I am new to FORTRAN, and must write a FORTRAN 77 program to read the following format from a file redirection or standard input:
[CHARACTER] [REAL] [REAL] [REAL] ... (can have any number of these)

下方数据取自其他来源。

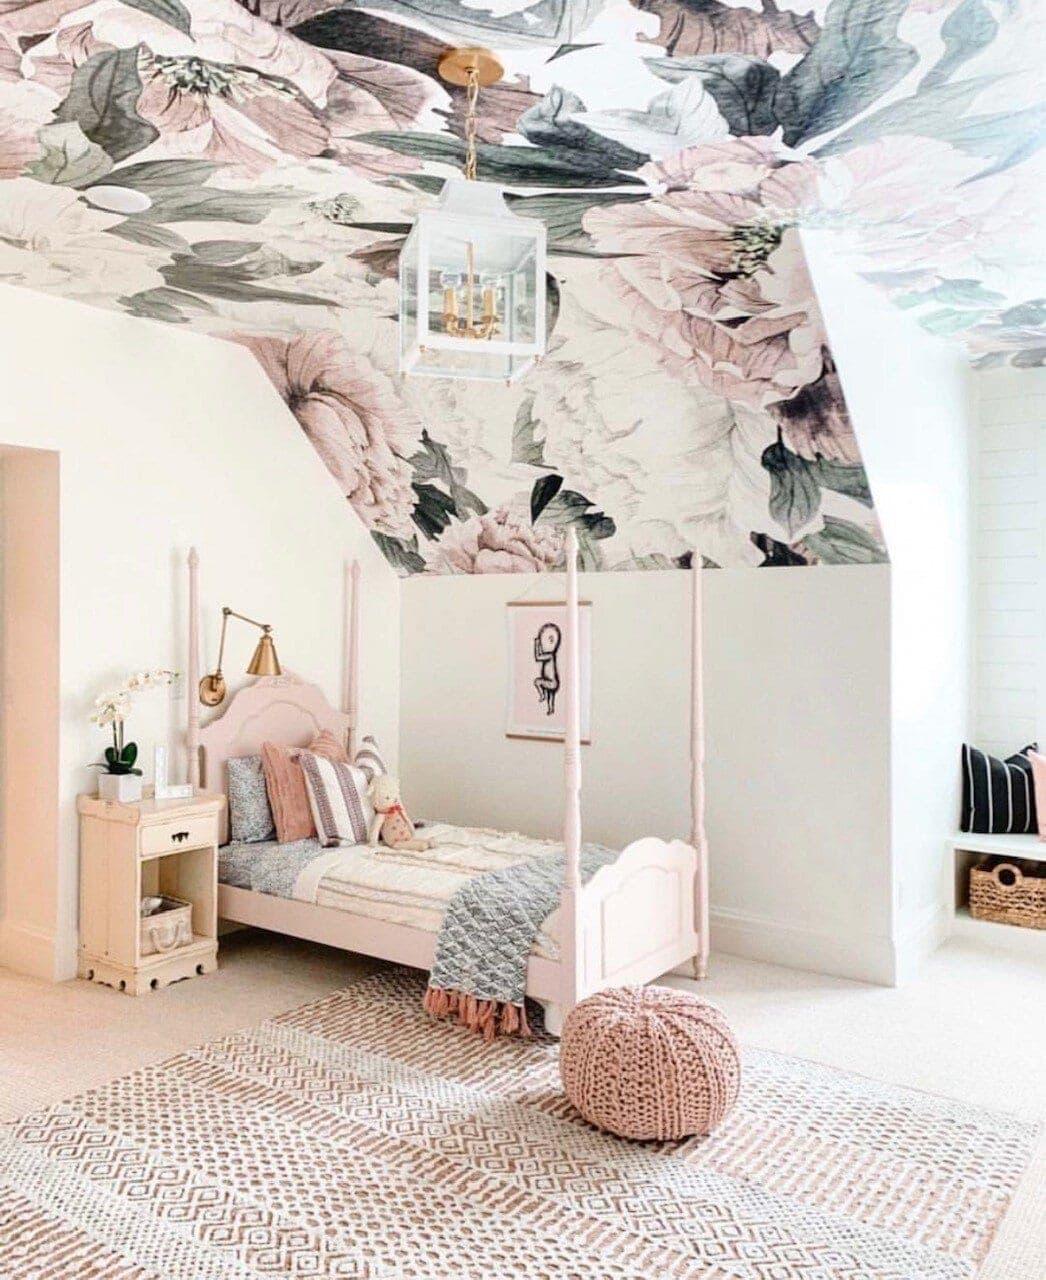 The most wonderful nursery with  anewalldecor,com  wallpaper Image Credit:  @remingtonavenue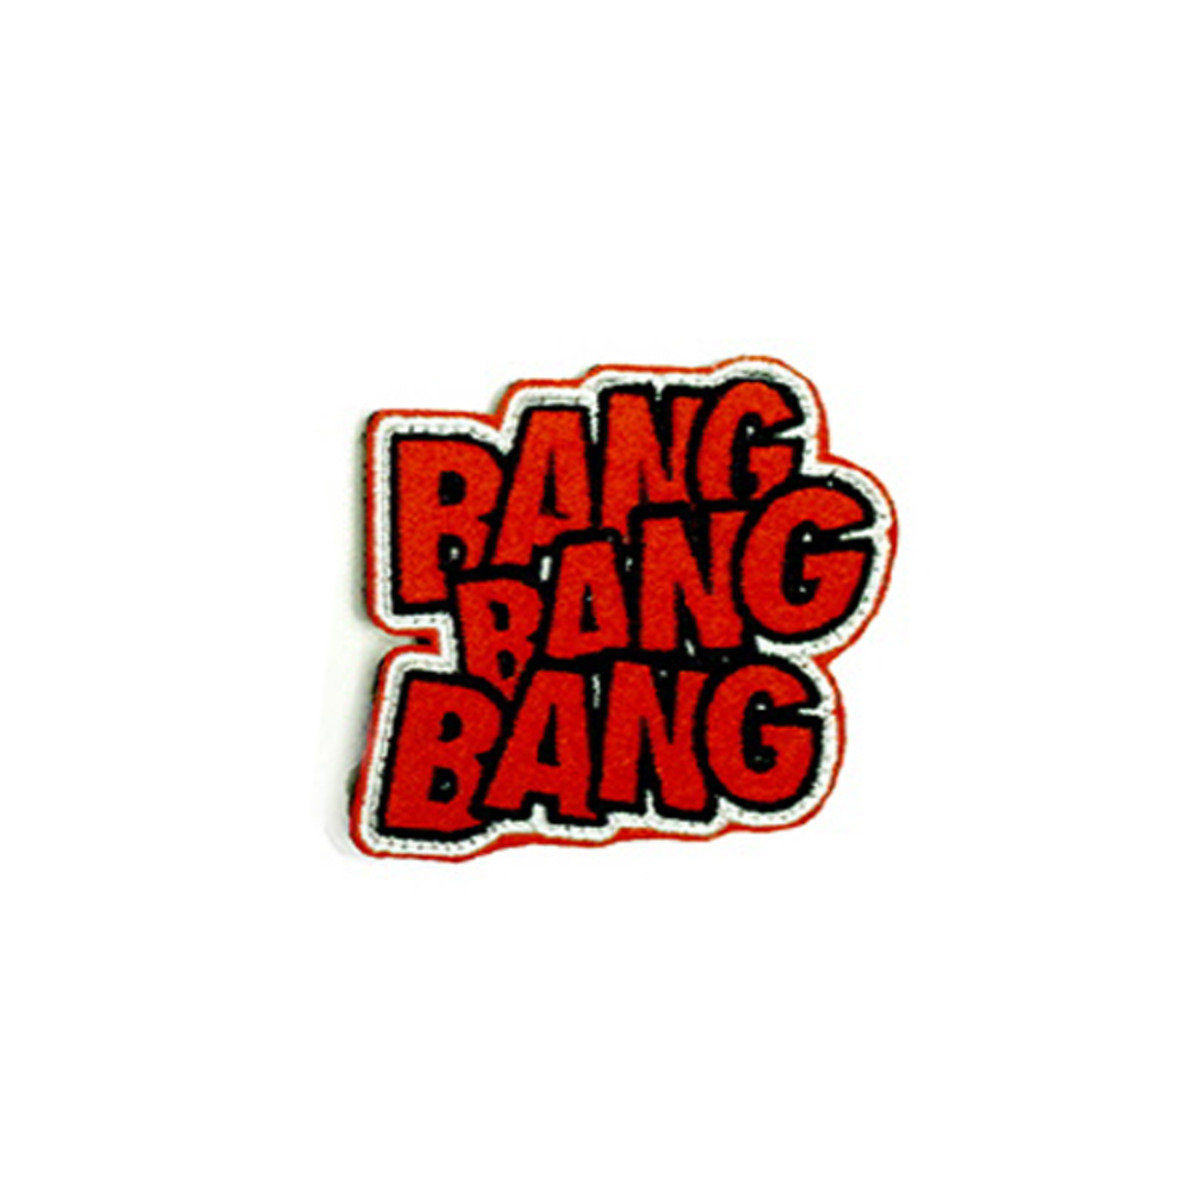 BIGBANG - 襟章 (BANGBANGBANG) [BIGBANG WORLD TOUR 'MADE' FINAL IN SEOUL]

D [INTEGER] (only one of these)
[REAL] [REAL] [REAL] ... (can have any number of these)
example input could be:
T 1.0 2.0 3.0
S 1.0 2.0 4.0
Y 3.0 4.0 5.0
D 2
3.0 5.0 6.0
4.5 4.6 5.6
My native language is C++, so I'm new to this whole idea of a read statement going to the next line automatically.
So far, I have the following code:
c234567
character*1 D
character*1 LETTER
real X, Y, Z
integer lines
real point1, point2, point385 format (3F10.6) 100 format (A1, 5X, F10.6, 5X, F10.6, 4X, F10.6) 990 format (A, I10)
MAX = 6
LETTER = 'Z'
D = 'D'
read *, LETTER, X, Y, Z
10 if(LETTER .ne. D) then
write (6, 100) LETTER, X, Y, Z
read *, LETTER, X, Y, Z
goto 10
else
goto 20
endif
C =====================================================
20 lines = aint(X)
write (*,990) 'LINES: ', lines
write (6, 85) X, Y, Z
read *, Z
write (6, 85) X, Y, Z
end
As you can see, I get the first portion of the input fine, but after that it kind of all goes to mush because of the read statement: read*, Z going to the next line. In my specific input file provided above, I get the 2 after the D, and the next two values (3.0, 5.0) but I skip the 6.0
Any help would be great. Thanks.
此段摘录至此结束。